The documentary talks with everyone affected by the case, including the parents of the victims, the lawyers and the suspects. The message this film tries to make is that the only reason these suspects were charged was because they listened to heavy metal and wearing black shirts. It shows the trial and as I was watching I got the feeling it was a bit one-sided as it didn’t show all evidence brought against the suspects. This made me feel like it was setting me up to root for them, but I wasn’t able to do that. The conversations with them do show them as normal kids who might do some strange stuff, but not as killers who sacrificed these boys.

Paradise Lost 2: Revelations (2000)

As the suspects were convicted in the first installment, the second one goes further into the case as the filmmakers didn’t believe the three were guilty. They talk to a support group who put a lot of effort into uncovering every bit of information to prove the three were innocent. At the same time it paints a picture of Mark Byers, step father of one of the murdered children. They depict him as a liar who might indeed by responsible for the murders. Surely he’s a very strange man, but the documentary never comes with proof for its claims even though it does raise doubts. The three incarcerated men also speak about their experience 4 years after they were sentenced.

Paradise Lost 3: Purgatory (2011)

It’s amazing to see that directors Joe Berlinger and Bruce Sinofsky kept looking into the case 15 years after they initially worked on it. This one sees Mark Byers as a changed man, who was once convinced the right men were convicted, but doesn’t feel like that anymore. It shows new evidence that might prove that the three were indeed innocent, but since the original judge kept refusing to look at the appeals they had a hard time making progress. When he finally is replaced they get a chance to state their case. These men have been in jail for a long time and have lost their youth and everything that was important to them, so have everything to gain. In the end they are set free, even though to the legal system they remain guilty, which is very strange.

I have to say that this is an amazing piece of documentary filmmaking, which actually helped the case of these three men. It’s shows that a camera can be a powerful tool to get awareness for something. Devil’s Knot is the movie which will be based on the story of the Memphis Three and currently Colin Firth, Reese Witherspoon and Kevin Durand are attached to the project which should come out in 2013.

Score: 8

9 thoughts on “Paradise Lost trilogy (1996 / 2000 / 2011)

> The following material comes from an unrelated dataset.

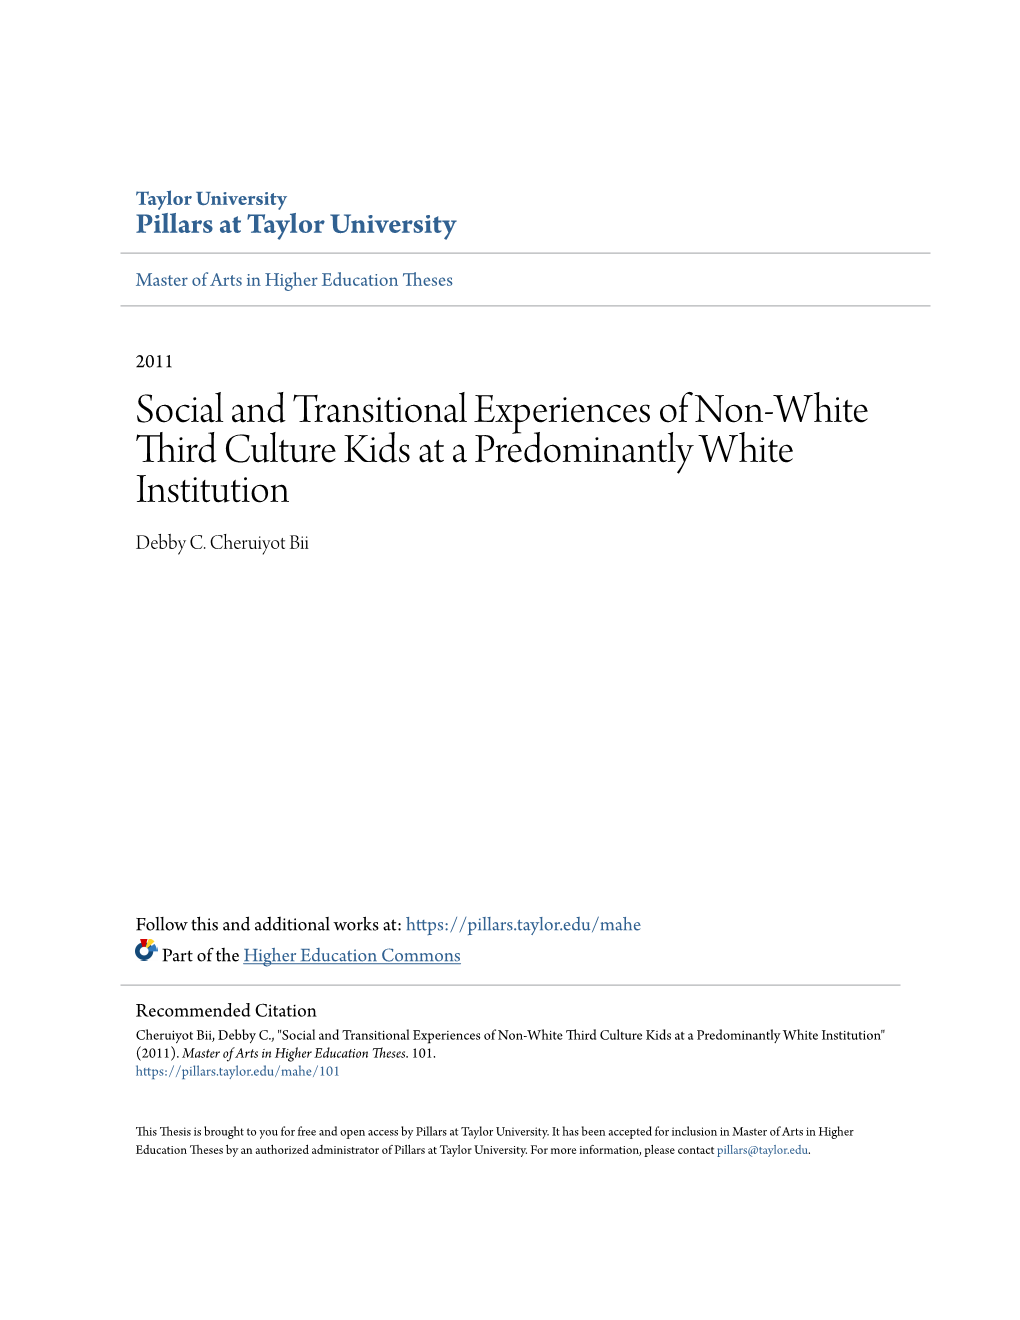 Social and Transitional Experiences of Non-White Third Culture Kids at a Predominantly White Institution Debby C

  1. Nice review. I’m from Arkansas and remember that entire story and watching it unfold. I’m interested to see this view of the the trial and conviction. I was a little suspicious of the sudden interest in this case from certain people. Nonetheless I’m interested in this doc.

    • Interesting. The documentary was responsible for a lot of attention, even from big celebrities. In the end all that attention did help the three to get out of jail as lots of people looked at the case.

  2. This sounds intriguing but also quite disturbing. I didn’t know there’s a movie project in the works, very unusual to see Reese in such a film.

    Btw, I know you like documentaries, Nostra, I’ll be posting a documentary review I saw last month on a special screening. Hope you check it out ๐Ÿ™‚

    • Yeah, the footage of the kids is extremely disturbing, even showing some of the mutilation. Really didn’t need to see it, but it was the reality of the case.

      As you know I already checked out your review!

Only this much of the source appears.